Геннадий Козел давно уже распрощался с розовыми очками, в которых таращился когда-то на мир, и в свои тридцать семь твердо усвоил, что прошлое с настоящим если когда и сходятся, то это — случайное пересечение различных витков спирали, по какой крутится жизнь, совпадений тут быть не может. Здесь же совпадало все: от имени и текста записки на полосатых обоях до цвета этих самых полосок и «Поморина», которым сейчас не пользуются даже древние бабки. Он взял со стеклянной полки тюбик, выдавил на указательный палец белую змейку, с силой потер зубы и десны. Кто бы сказал, что такое с ним может случиться, схлопотал бы тут же по морде. Жесткий прагматик, далекий от сантиментов, умник, вечно просчитывающий наперед чужие ходы, отличный психолог, способный многим туманить мозги, оказался беззащитным перед одной — той, что дурманила голову ему самому. В чем секрет такого дурмана, понять оказалось трудно. То ли пьянили имя, улыбка и запах, то ли тоска по юности, то ли презрение к зрелости, безумная гонка в завтра, неистребимая тяга к вчера — тут и черту не разобраться. Но эта странная девушка, вдруг возникшая на его пути, будто шла с ним рядом всегда, совмещая в себе одной сразу двоих — ту, которую никак не забыть, и ту, кого не встретить нельзя. Теперь прилепилась и третья, уверявшая, что способна гордиться убийцей. И все, с той самой первой случайной встречи в студии до жирной трясущейся задницы под березой — все выходило неотвратимым, тем, что в народе зовется судьбой. Фаталист тщательно прополоскал рот, осторожно промокнул лицо полотенцем, памятуя, что вытираться насухо вредно для кожи, пригладил пятерней влажные волосы, придирчиво оглядел себя в зеркале, улыбнулся довольно и вышел, наконец, из ванной, аккуратно прикрыв дверь.
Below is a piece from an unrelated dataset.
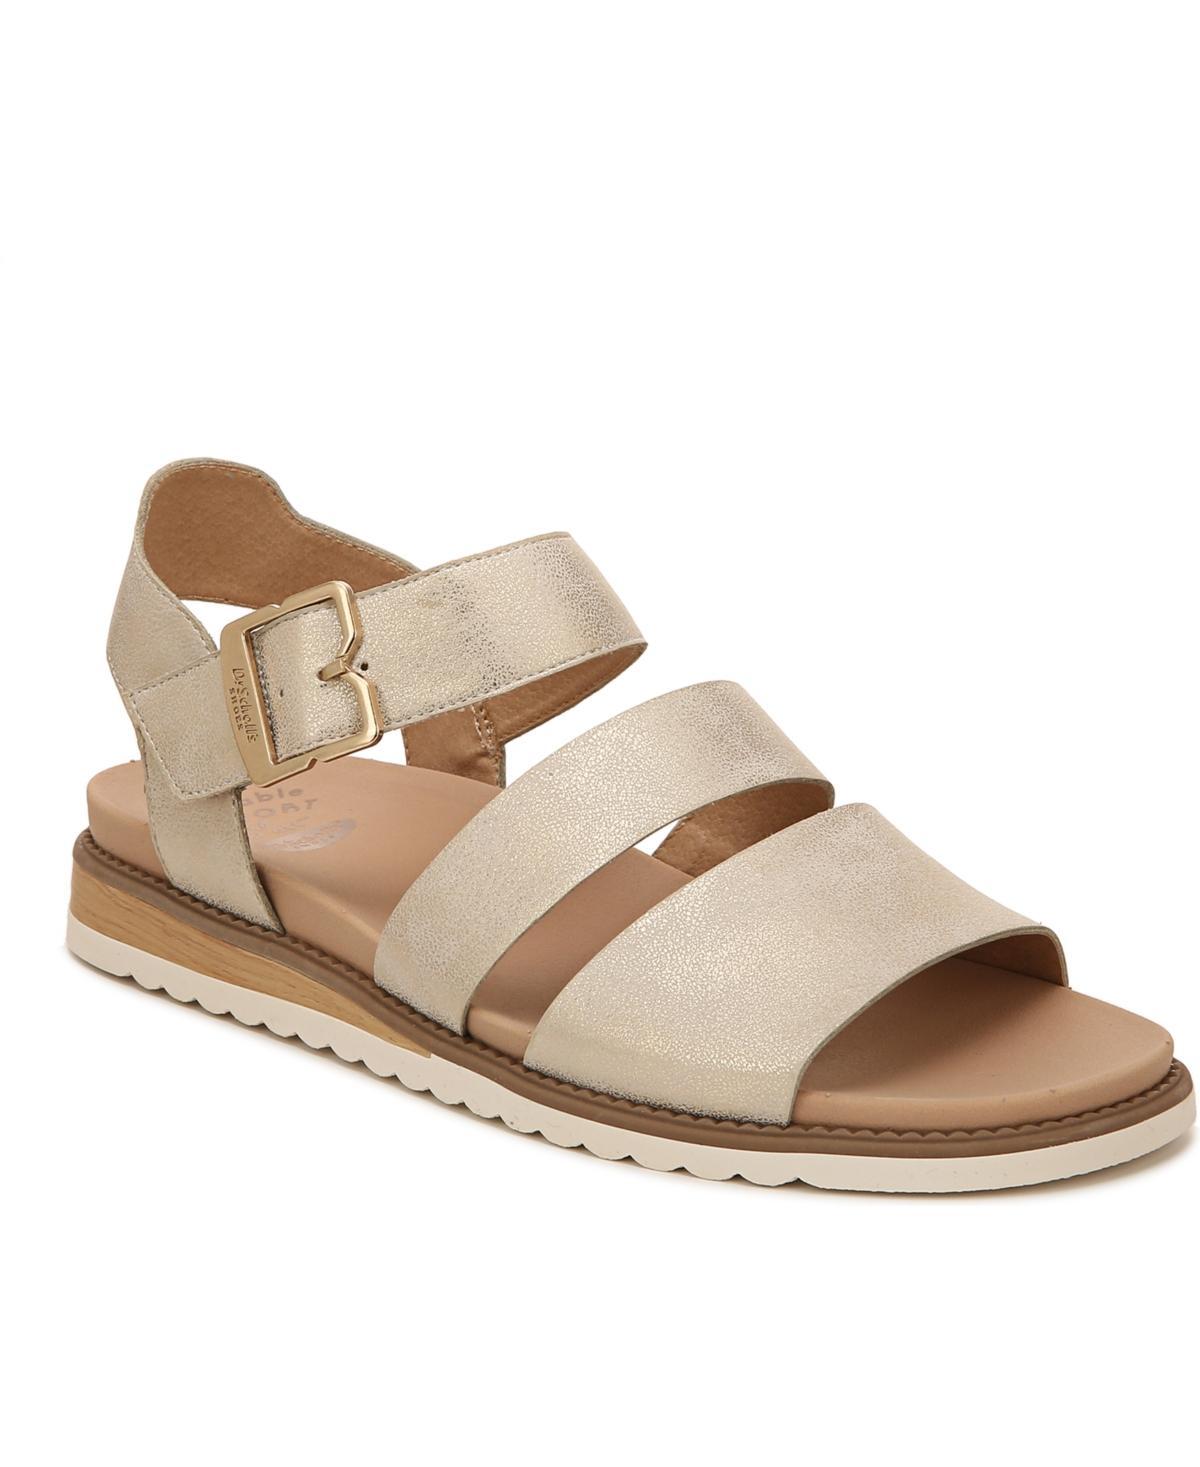 Womens Dr. Scholl's Island Glow Strappy Platform Sandals Product Image

А за дверью, некстати вспомнив, что ухмыляться своему отражению — плохая примета, снова запаниковал, испытывая острое желание вновь почувствовать прикосновения смуглых рук, вселявших уверенность и силу, в которых он так сегодня нуждался.
В кухне пахло «арабикой», свежим огурцом и немного сандалом, ускользающим от жадного носа. На столе в тарелках дымилась яичница, зеленели на блюдцах кружки огурцов, возвышался стеклянный кофейник, в плетеной корзинке громоздились тосты, в приоткрытой масленке желтело масло, розетки краснели вареньем — все так и прыгало в рот. Гость почувствовал острый голод. А хозяйка стояла на стуле, рылась в буфете, занимавшем добрую треть крохотной кухни, и озабоченно бормотала что-то себе под нос. Она успела переодеться в широкие штаны из мятой ткани неопределенного цвета и просторный хлопчатобумажный серый свитер с закатанными по локоть рукавами. Мешковатость наряда подчеркивала стройность фигуры похлеще любого платья в обтяжку, впрочем, судя по всему, самой фигуре ее собственный вид был глубоко безразличен. Она, пыхтя, выудила из глубины керамическую темную бутылку и с победным «yes!» легко соскочила со стула.
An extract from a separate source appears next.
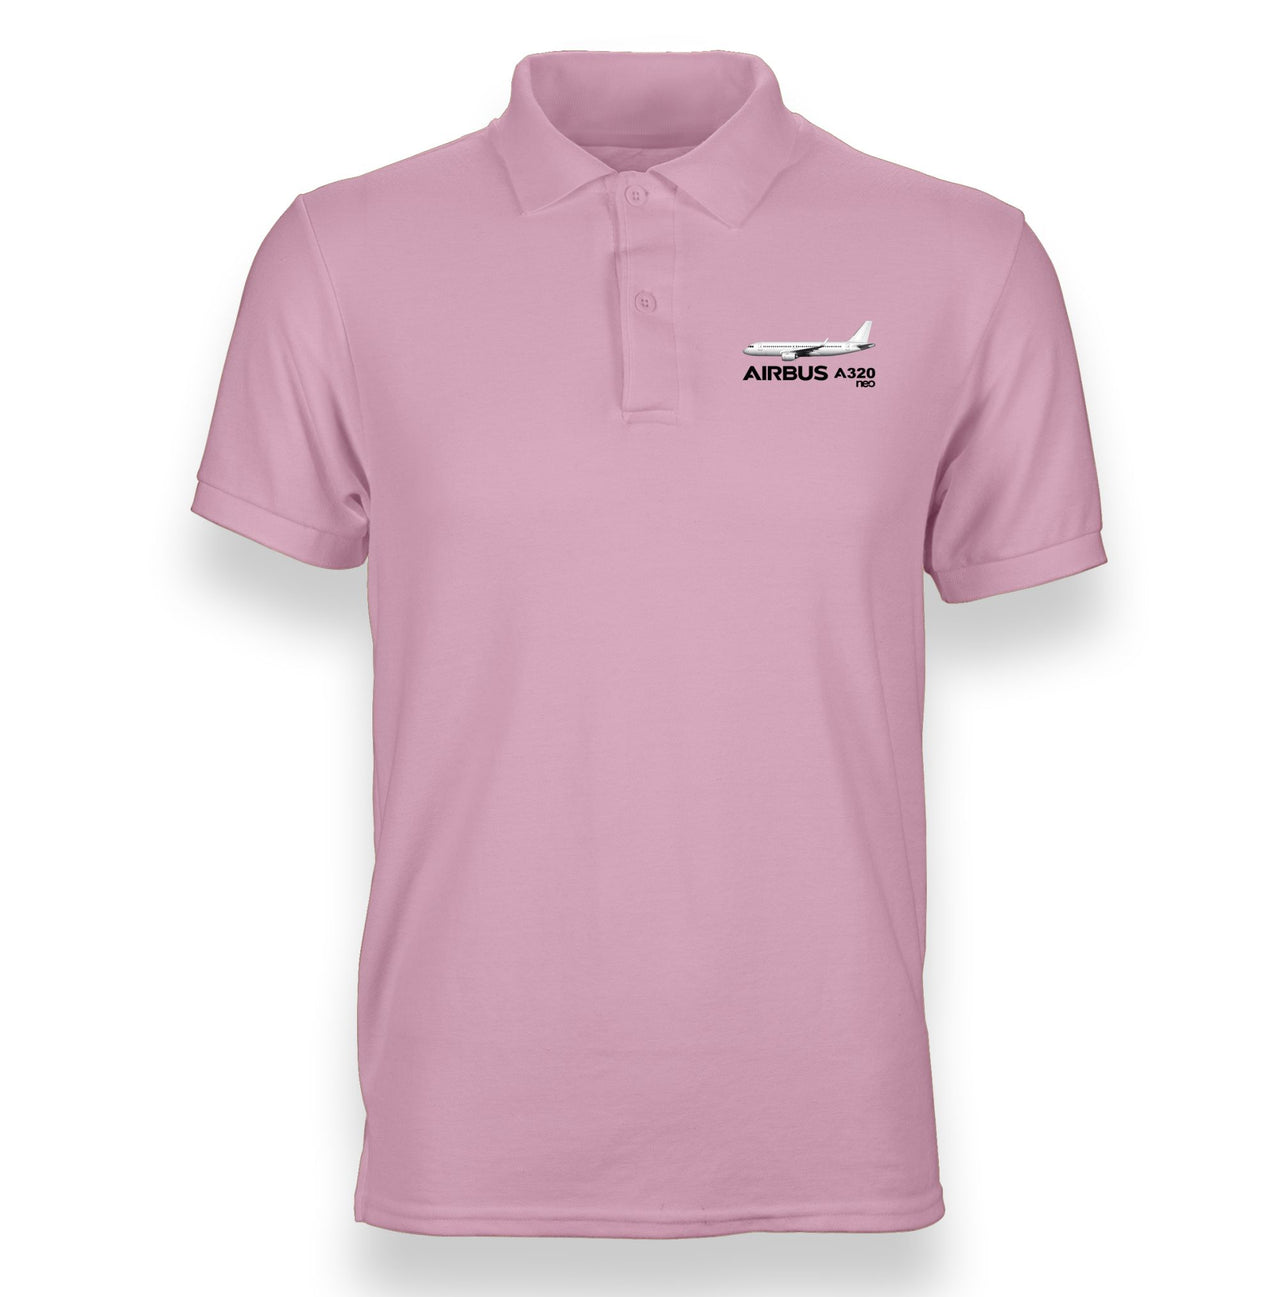 The Airbus A320Neo Designed "WOMEN" Polo T-Shirts

— Отлично выглядите, молодец! — похвалила добытчица, доставая из ящика огромный нож с тяжелой деревянной ручкой. — Садитесь к столу и ешьте, не то остынет. Ваш заказ я переиначила на свой вкус, ненавижу крутые яйца.
— А вы?
— Я тоже буду, вот только открою бальзам, — повернулась к раковине и, деловито ухватившись за лезвие, шарахнула рукояткой ножа по керамическому горлышку с сургучом. Большой палец тут же окрасился кровью. — Черт! — неумеха быстро открыла кран, сунула руку под воду. — Вы не могли бы подать мне зеленку и бинт, Гена? Я, кажется, прилично порезалась.
— Где?
— Что — где?
— Аптечка где?
— В буфете, на нижней полке, — голос срывался, лицо обрело землистый оттенок. Она старательно отводила взгляд от розоватой струи и никак не походила на ту, что совсем недавно пинала окровавленный труп и восторгалась убийцей. В нелепом наряде, как будто с чужого плеча, перед Геннадием стоял жалкий подросток и, напуская на себя храбрый вид, трясся от страха.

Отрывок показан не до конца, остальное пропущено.